A benchmark for interval forecasting with LLMs. Given a forecasting question, the model outputs (lower, median, upper) that should contain the true outcome with a specified coverage (e.g., 90%). Supports OpenAI, Anthropic, Gemini, OpenRouter, and retrieval-augmented / agentic prompting.
python3 -m venv venv && source venv/bin/activate
python3 -m pip install -U pip && python3 -m pip install -r requirements.txtCreate a .env with the keys you need:
OPENAI_API_KEY=sk-...
ANTHROPIC_API_KEY=sk-ant-...
GEMINI_API_KEY=...
OPENROUTER_API_KEY=sk-or-...OPENAI_API_KEY is also used for retrieval (query embeddings).
Run GPT-5.1 on 100 questions, then score:
python3 scripts/cli/run_predictions.py \
--config configs/openforesight_2025_09_01/openai_gpt51_medium_v3_100.json
python3 scripts/cli/evaluate_interval_benchmark.py \
--predictions experiments/openforesight_2025_09_01/openai_gpt51_medium_v3_100/predictions.csv \
--benchmark data/openforesight_2025_09_01/merged_filtered_final_questions.jsonl \
--out experiments/openforesight_2025_09_01/openai_gpt51_medium_v3_100/scored.csvMetrics (coverage, MLIS, MAPE) are printed to stdout and saved as metrics.json.
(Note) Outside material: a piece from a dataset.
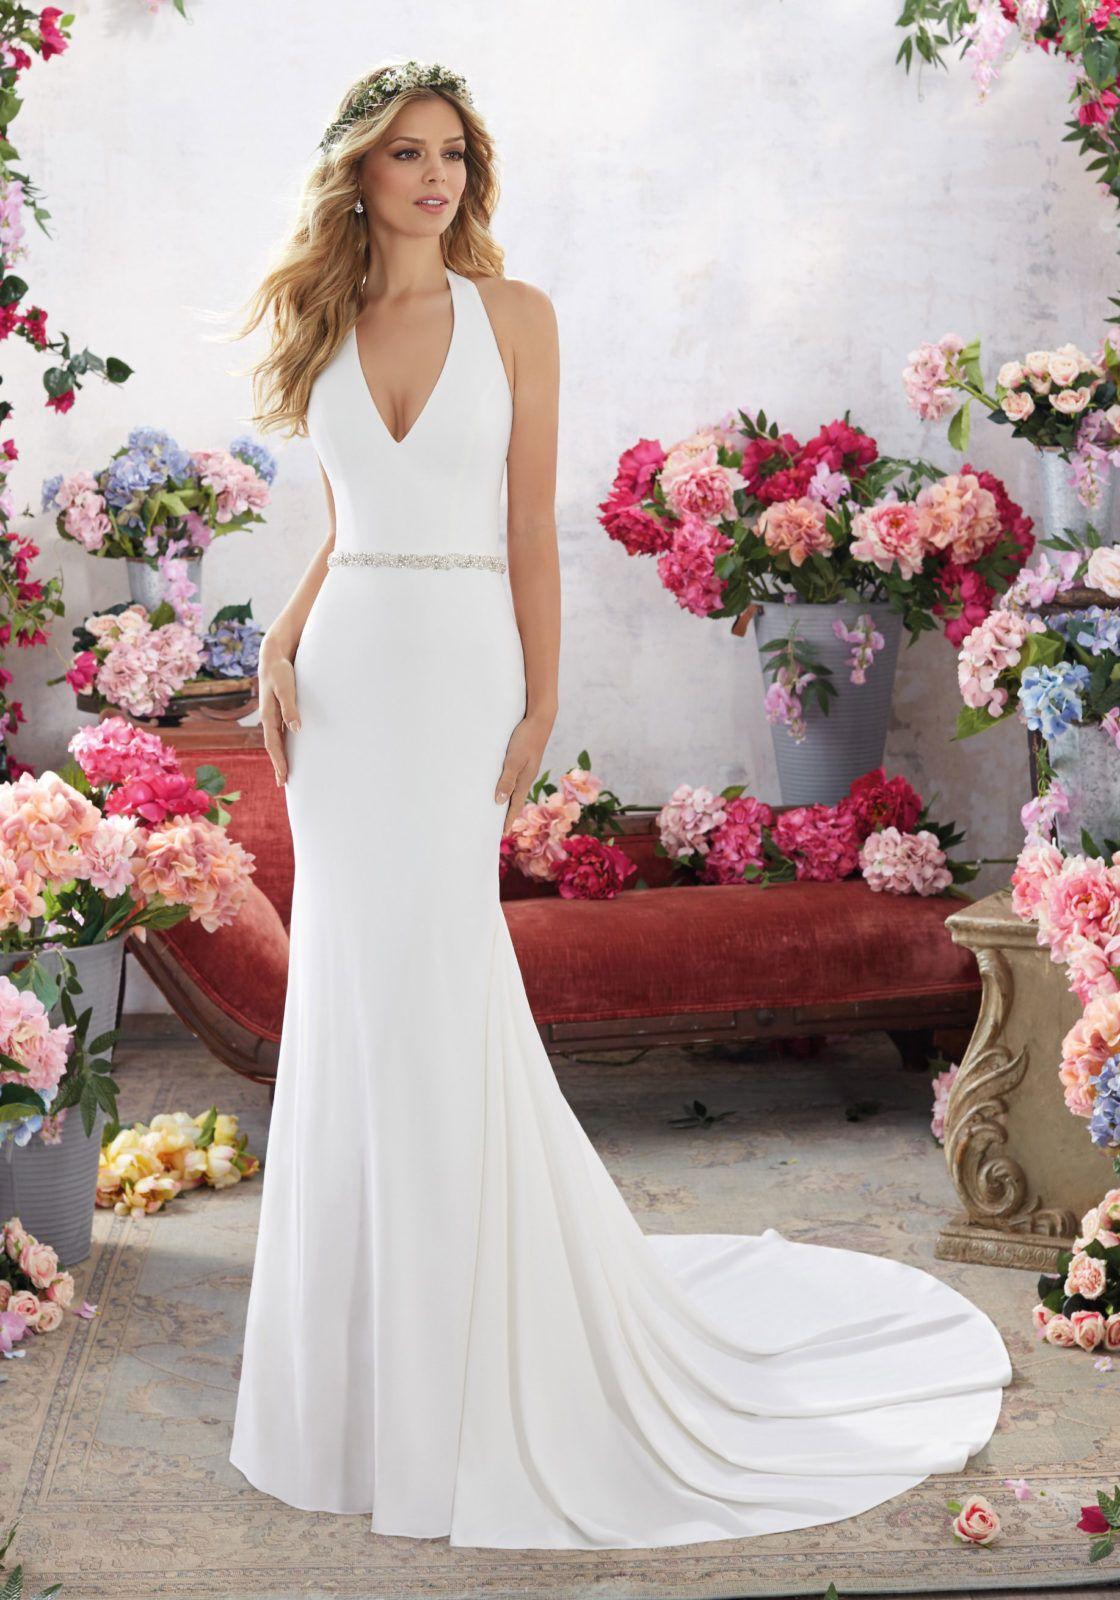 Mori lee wedding dresses pinterest neckline ivory and

Experiments are driven by a JSON config. Minimal example:
{
"experiment_folder": "experiments/my_run/",
"benchmark": "data/openforesight_2025_09_01/merged_filtered_final_questions.jsonl",
"provider": "openai",
"model": "gpt-5.1",
"reasoning_effort": "medium",
"prompt_template": "forecasting_xml_v3",
"out": "experiments/my_run/predictions.csv",
"debug_jsonl": "experiments/my_run/debug.jsonl",
"num_samples": 100,
"sample_seed": 20251222,
"parallel_workers": 20,
"resume": true
}Run with: python3 scripts/cli/run_predictions.py --config path/to/config.json
Add a retrieval block:
"retrieval": {
"enabled": true,
"mode": "agentic",
"use_chunks": true,
"db_path": "data/vector_store",
"chunk_table_name": "article_chunks",
"max_iterations": 5,
"max_results_per_query": 5
}rag— retrieves k articles once before prompting.agentic— gives the model asearch_articlestool to query iteratively.
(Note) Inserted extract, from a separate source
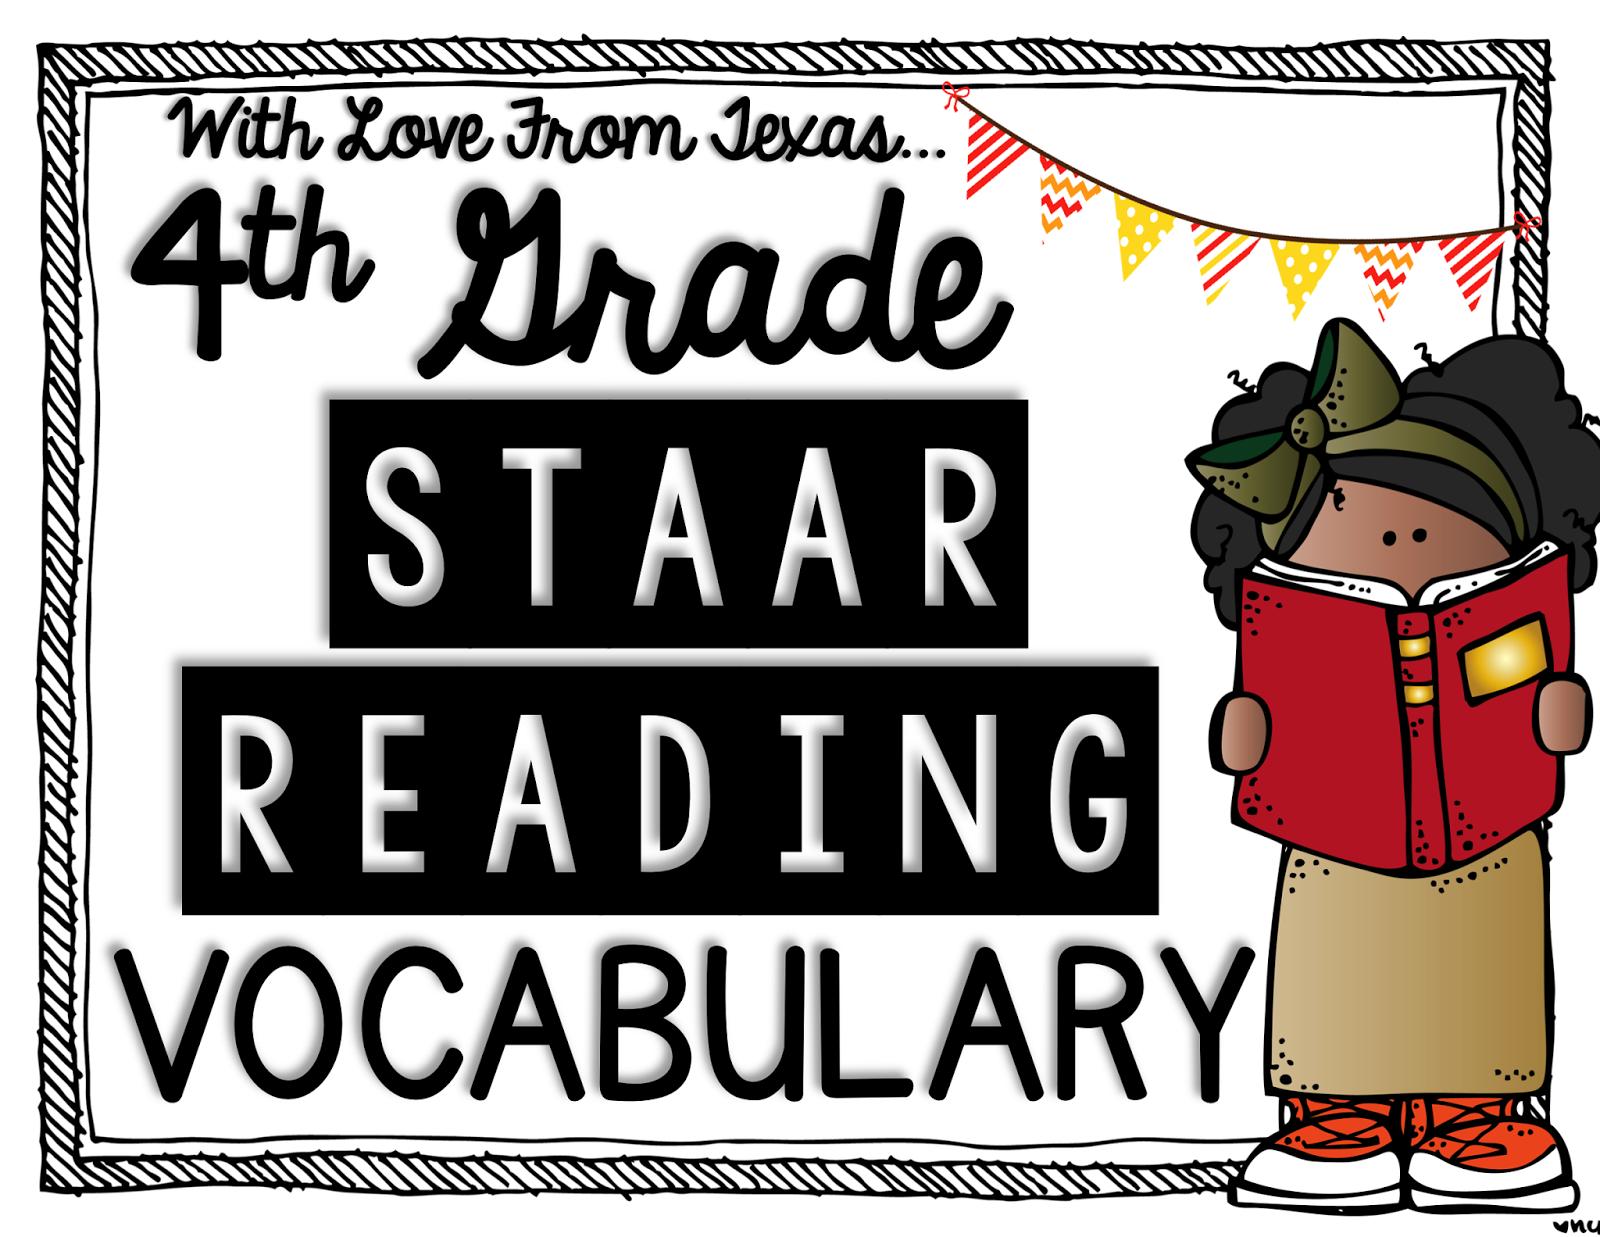 Reading STAAR Vocabulary. 4th grade reading vocabulary.

The vector store must be prebuilt (see scripts/retrieval/).
| Template | Description |
|---|---|
forecasting_xml_v2 |
Zero-shot: title only. |
forecasting_xml_v3 |
Adds background + resolution criteria. Recommended. |
forecasting_xml_v3_rag |
V3 + retrieved articles prepended. |
forecasting_xml_v3_agentic |
V3 with a search_articles tool. |
forecasting_xml_v3_agentic_no_conf |
Agentic without the 90% target (tests inherent calibration). |
configs/ JSON run/eval configs
data/ Benchmark files + vector store
experiments/ Outputs: predictions, debug logs, scored CSVs, metrics
plots/ Publication figures (PNG + PDF)
scripts/
agentic/ Agentic loop (tool calls, fallback extraction)
cli/ Entry points (run_predictions, evaluate, compare)
data/ Dataset loaders
evaluation/ Scoring metrics
parsing/ Extract (lower, median, upper) from responses
plotting/ Figure scripts
prompts/ Prompt templates
providers/ Provider SDK wrappers
retrieval/ LanceDB indexer + retriever
- Resume: with
resume: true, re-running skips questions already scored inout. - Rate limits: Anthropic often needs
parallel_workers: 20; OpenAI tolerates 50–100. - Question IDs are always preserved (never renumbered on subset runs).